L’année dernière, Deliveroo a enregistré une perte totale de 223,7 millions de livres (259,1 millions d’euros). Il s’agit néanmoins d’une baisse de 29% par rapport à l’année 2019, où la perte annuelle avait atteint 317 millions de livres. La compagnie aurait même été rentable durant plus de six mois en 2020. Cette amélioration de la situation financière de Deliveroo est liée à la pandémie de COVID-19. Les différentes restrictions liées à la crise sanitaire ont en effet bloqué les consommateurs à leurs domiciles, faisant exploser du coup les achats en ligne.
Les commandes sur la plateforme ont bondi et, malgré l’allègement des mesures, les utilisateurs semblent avoir adopté ce mode de vie. C’est du moins ce que traduit la hausse de 121 % en glissement annuel observée au niveau des transactions sur la plateforme en général. Ce chiffre monte à 130 % au Royaume-Uni et en Irlande, et tourne à 112 % dans les autres pays. Il s’agit désormais de maintenir cette tendance grâce à une stratégie de diversification.
Ainsi, pour le PDG Will Shu, qui exprimait sa fierté d’entrer en bourse à Londres, la ville de naissance de Deliveroo, l’opération permettra à la société de poursuivre ses investissements dans le domaine de l’innovation. Elle continuera aussi de déployer de nouvelles technologies afin de soutenir ses activités et augmenter les possibilités pour sa clientèle.
En d’autres termes, cette stratégie de diversification vise à s’intéresser à de nouveaux secteurs d’activité. Spécialisée actuellement dans les repas grâce à des partenariats avec des restaurants, la plateforme de livraison envisage d’étendre ses services en s’associant désormais à des supermarchés.
À terme, Deliveroo vise à devenir une société alimentaire de premier plan. Elle compte poursuivre sur sa tendance actuelle alors qu’elle a démarré l’année 2021 sur des chapeaux de roue. Pour son PDG, le rêve est de profiter de la pleine croissance du marché de la livraison.
À la croisée des chemins
Deliveroo a été créée à Londres en 2013. La plateforme dispose d’un site web et d’une application pour le passage de commandes de repas qu’elle se donne pour objectif de livrer en moins d’une demi-heure. Son activité prend en compte aujourd’hui plus de 800 villes à travers des partenariats avec environ 115 000 restaurants dans 12 pays. Si elle a des concurrents de taille comme UberEats ou Just Eat, la société revendique 6 millions de clients par mois.

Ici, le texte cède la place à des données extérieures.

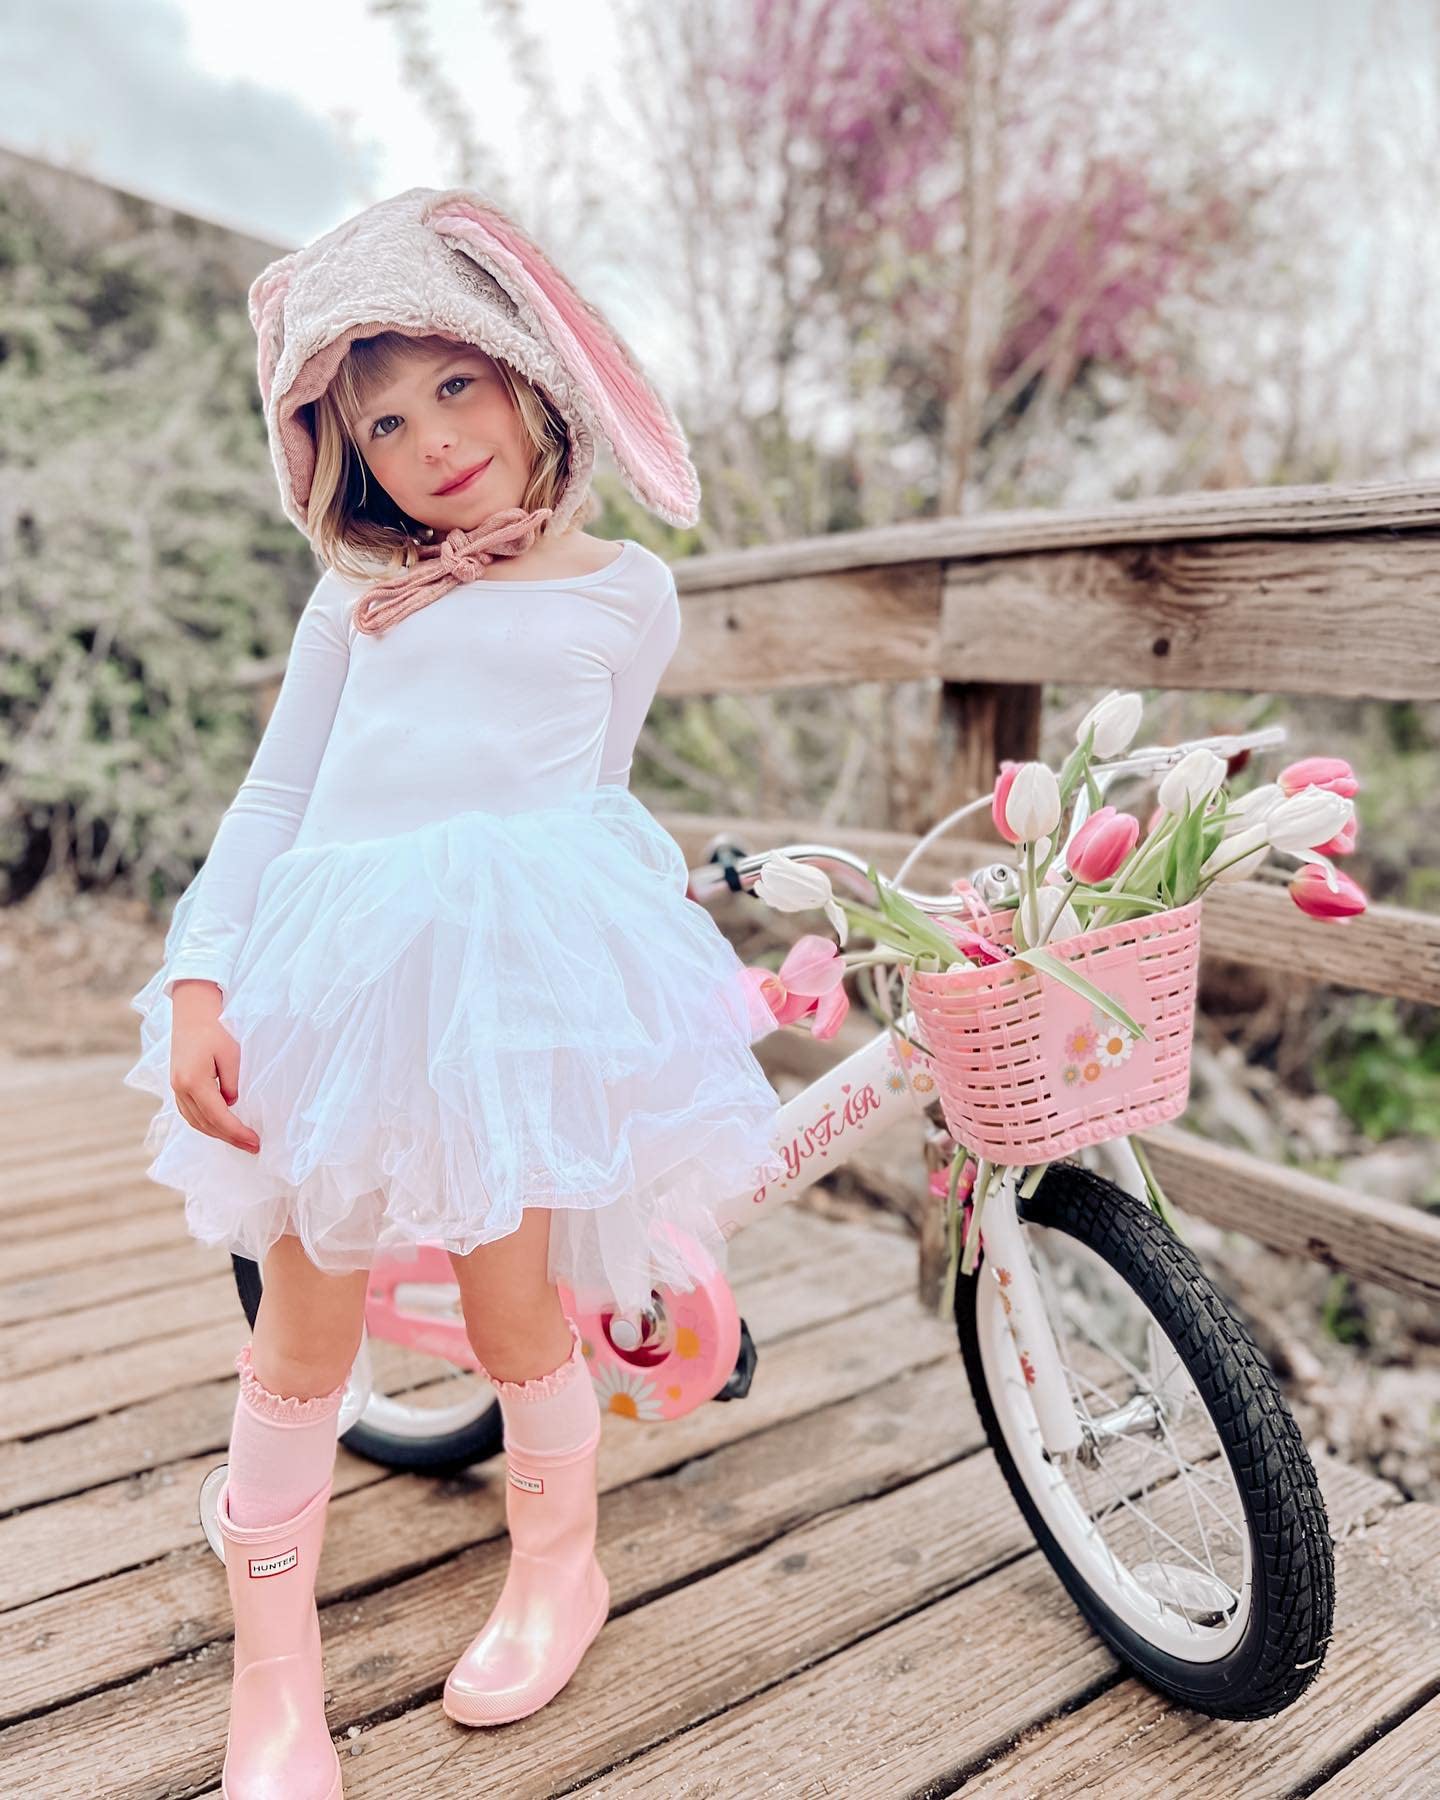 JOYSTAR Little Daisy Kids Bike for 2-7 Years Girls with Training Wheels & Front Handbrake 12 14 16 Inch Princess Kids Bicycle with Basket Bike Streamers Toddler Girl Bikes, Blue Pink White

Le groupe n’a que 2 000 employés, mais dispose en revanche de 100 000 livreurs reconnaissables à leurs sacs à dos verts qu’ils portent. Cependant, leur situation précaire est régulièrement l’objet de condamnations de la part des ONG et des travailleurs eux-mêmes. Les livreurs dénoncent ainsi des tarifs de courses « injustes » et un manque de protection sociale, en plus des conditions de travail déjà considérées comme dangereuses. La prise en compte de ces critiques est l’un des défis parmi tant d’autres pour la compagnie : offrir davantage de sécurité à ses livreurs grâce à de meilleures assurances et une meilleure prise en charge des accidents de travail.
L’exposition médiatique accrue qui va avec une introduction en bourse et la pression des investisseurs pourront sans doute motiver Deliveroo à agir dans ce sens. Une prochaine décision de la Cour d’appel de Londres est d’ailleurs attendue pour déterminer si les livreurs britanniques peuvent négocier des conventions collectives afin d’obtenir de meilleures conditions de travail.
Au-delà de ces considérations, il faut noter que la rentabilité fera partie des objectifs à moyen terme de Deliveroo. Bientôt soumise à l’humeur du marché et aux fluctuations inhérentes à une cotation en bourse, la société devra plus que jamais faire attention en limitant ses pertes. Il faudra bien évidemment accroître le chiffre d’affaires et éviter les écueils récurrents pour les start-ups introduites en bourse.